### Records for this exercise
»»

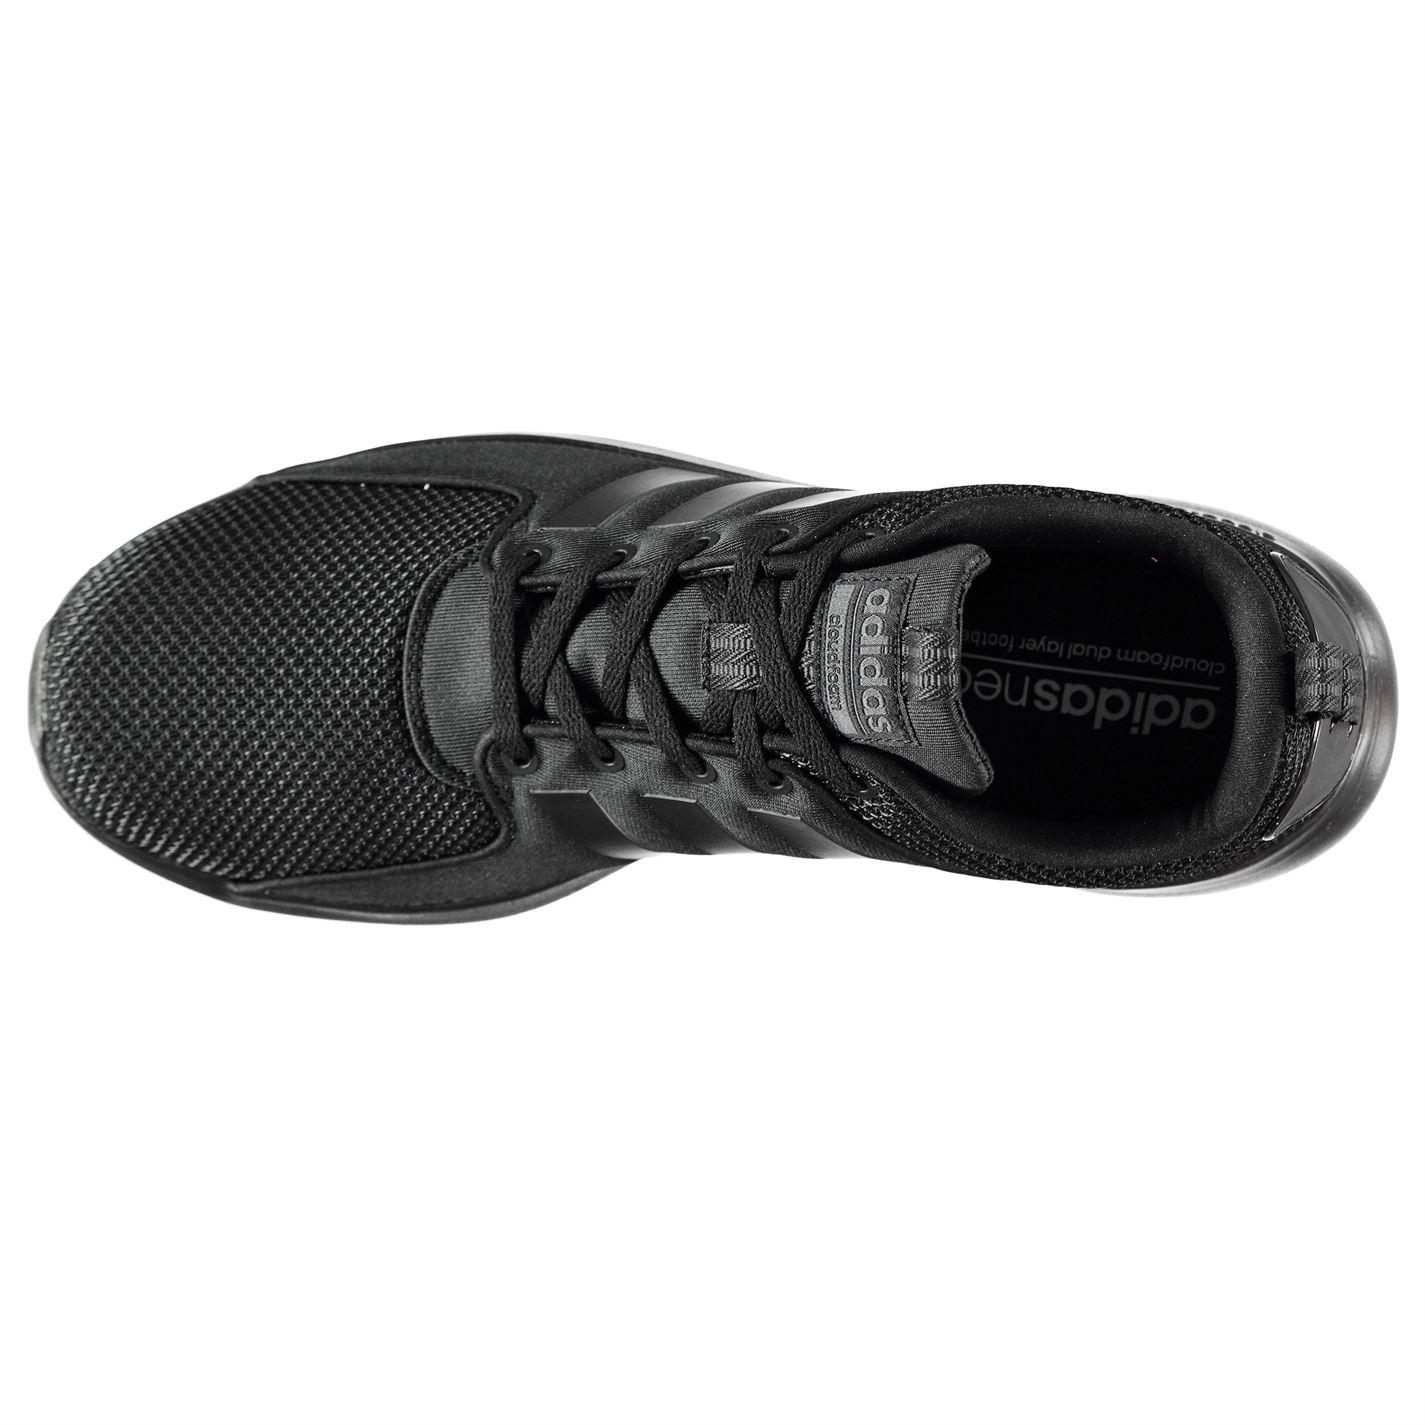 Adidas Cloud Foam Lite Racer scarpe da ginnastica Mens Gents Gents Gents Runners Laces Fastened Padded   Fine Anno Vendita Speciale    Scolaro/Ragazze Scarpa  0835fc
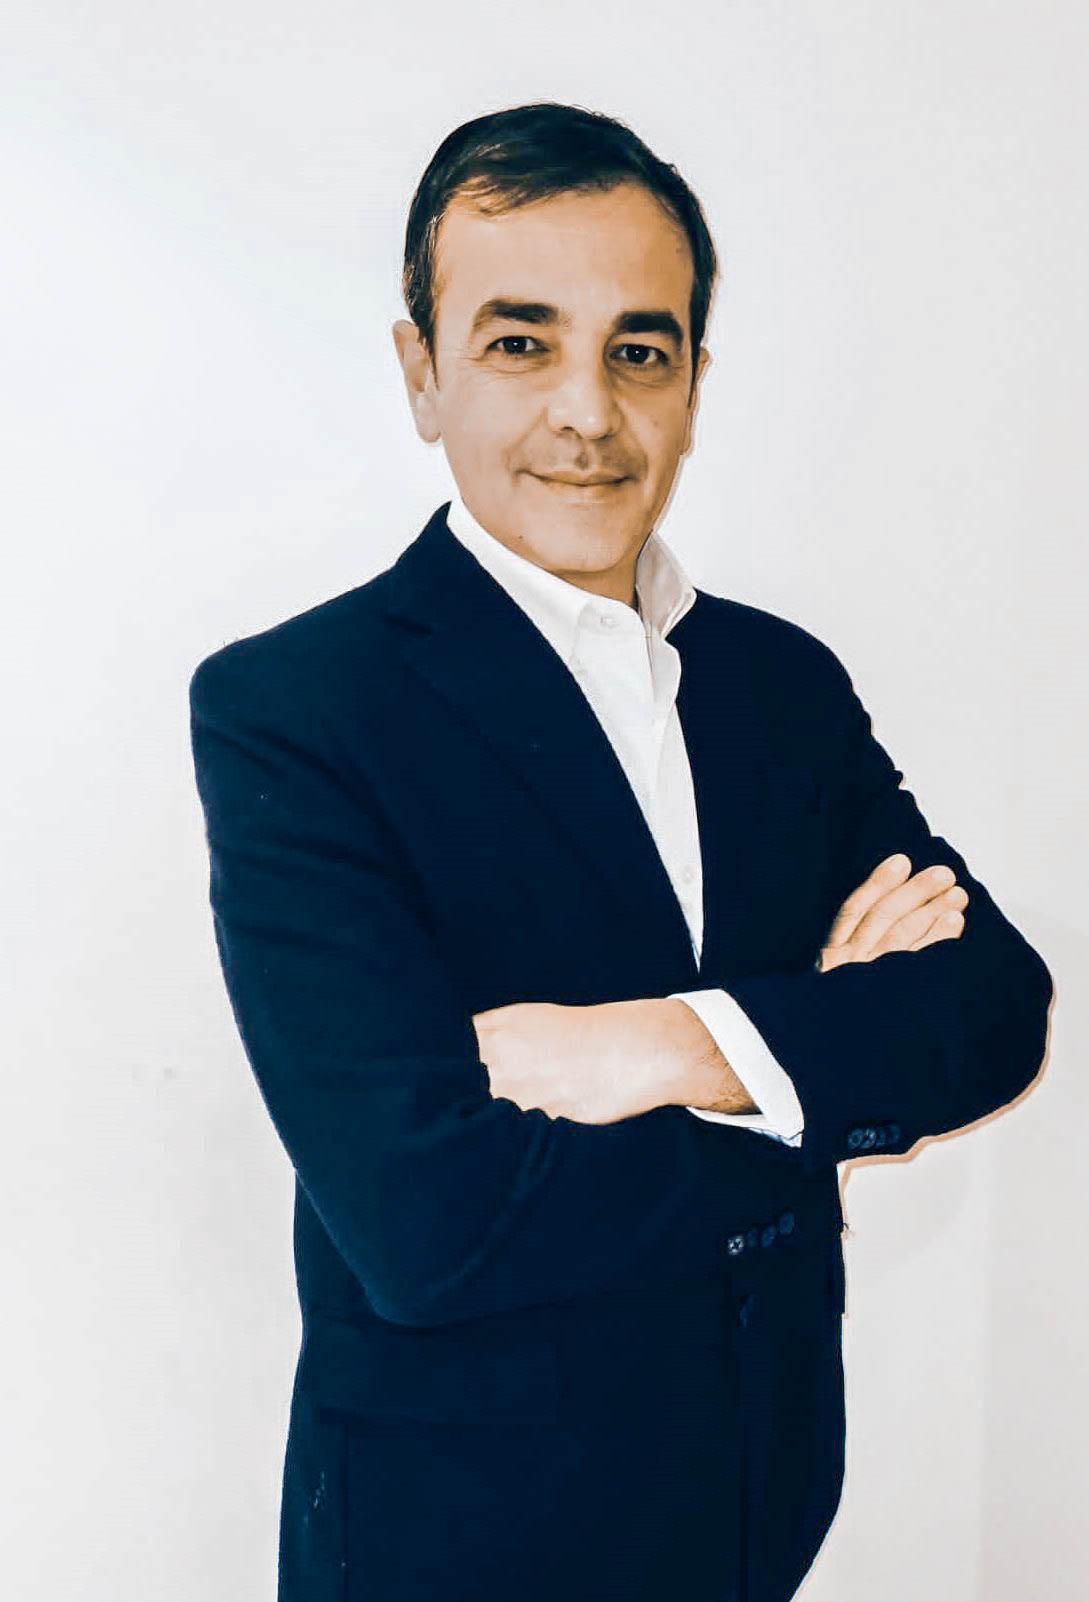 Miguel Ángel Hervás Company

««
»»

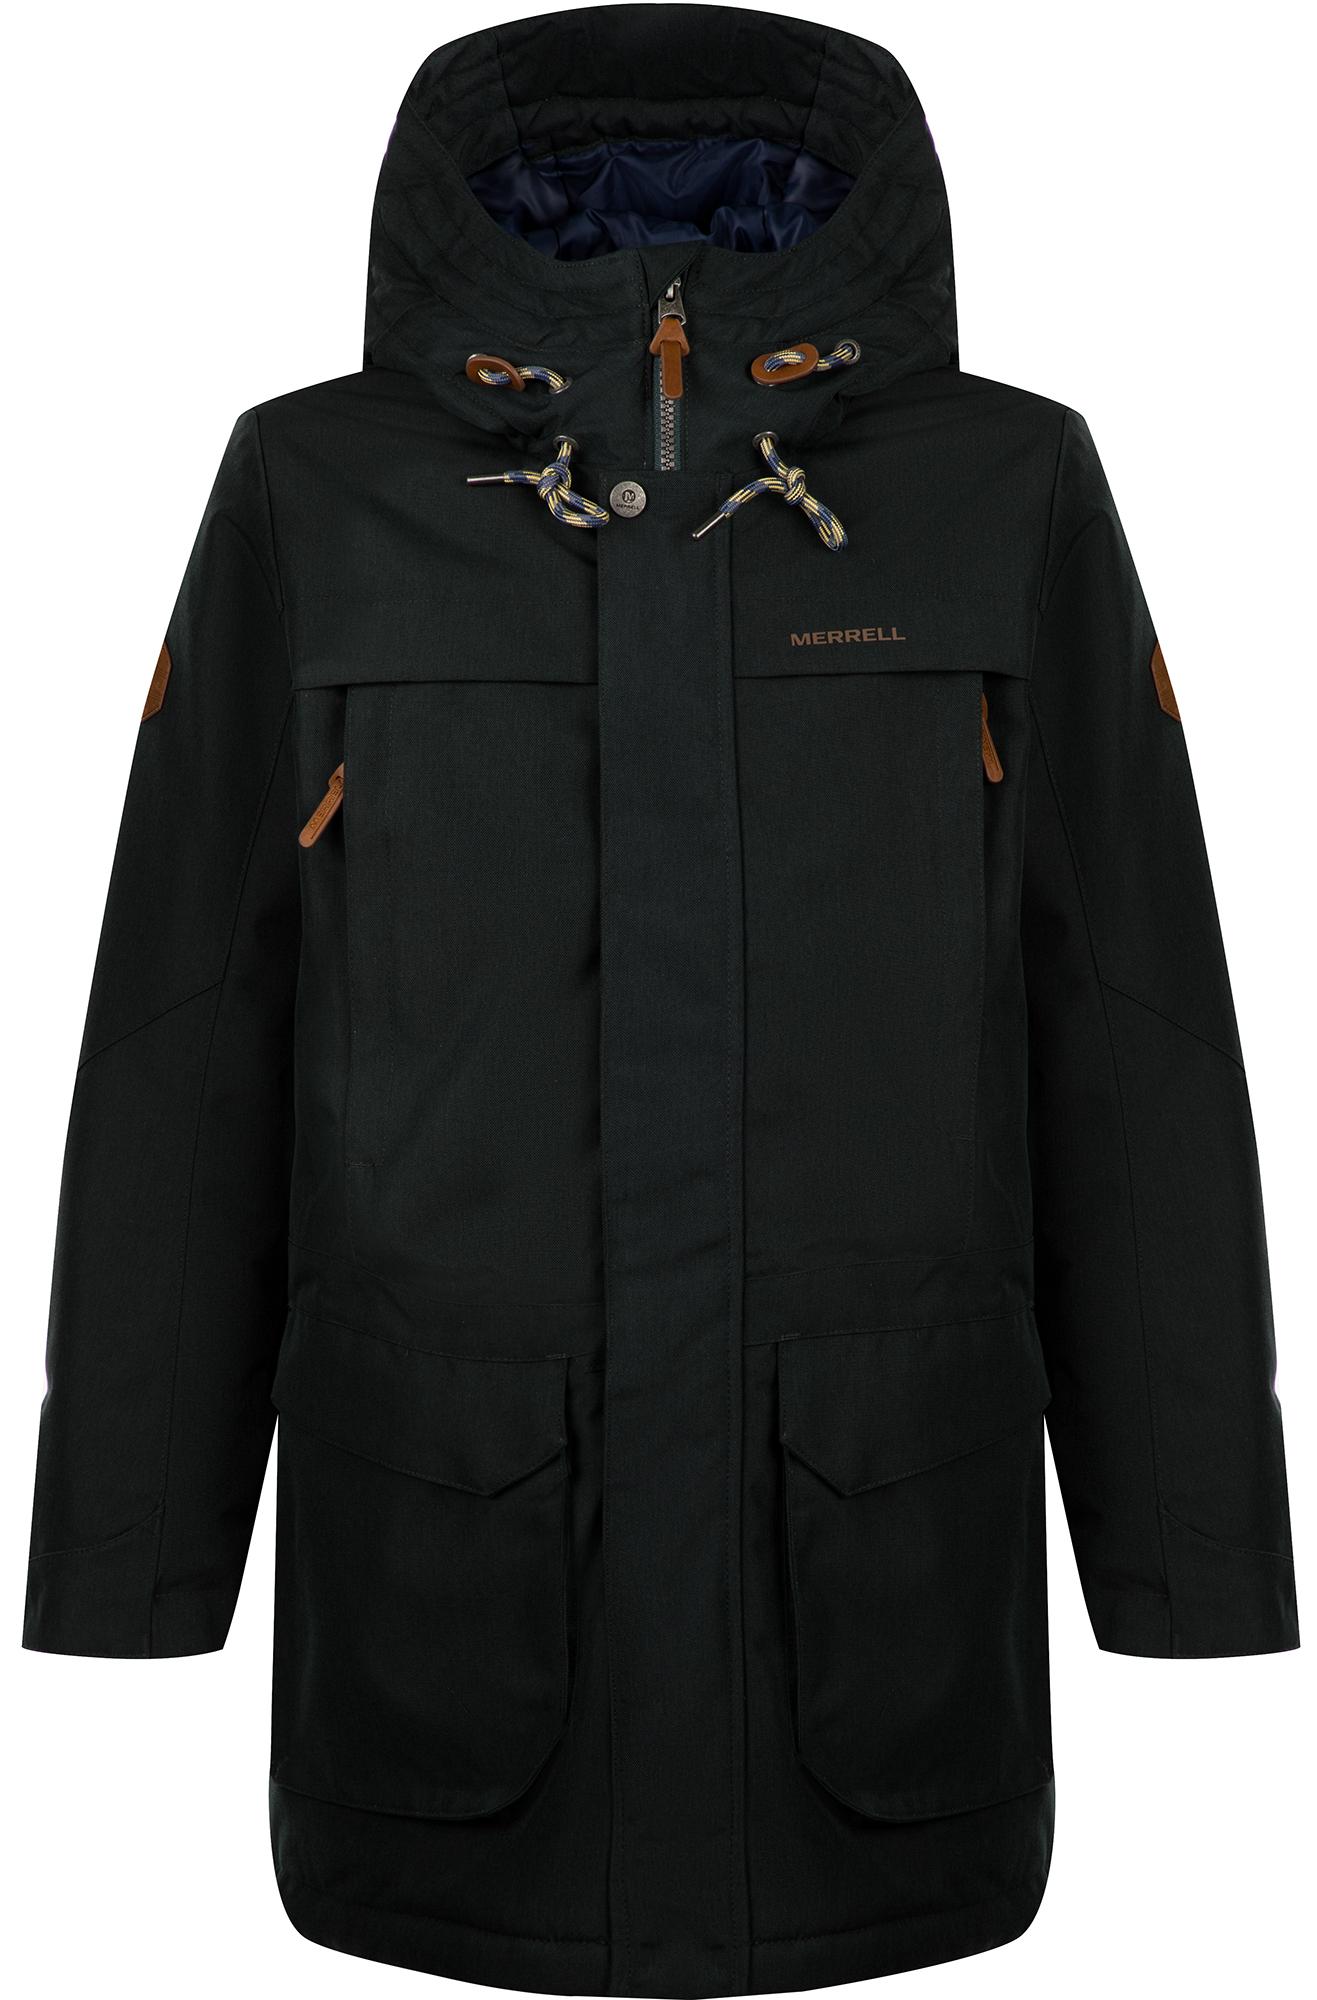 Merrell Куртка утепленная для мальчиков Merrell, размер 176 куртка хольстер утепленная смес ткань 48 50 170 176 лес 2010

««

### Work request
Copy word for word the lines of the records above from the one with "Adidas Cloud Foam" up to and including the one with "Miguel Ángel Hervás Company". Skip the pictures.

### Exercise answer
 Adidas Cloud Foam Lite Racer scarpe da ginnastica Mens Gents Gents Gents Runners Laces Fastened Padded   Fine Anno Vendita Speciale    Scolaro/Ragazze Scarpa  0835fc
 Miguel Ángel Hervás Company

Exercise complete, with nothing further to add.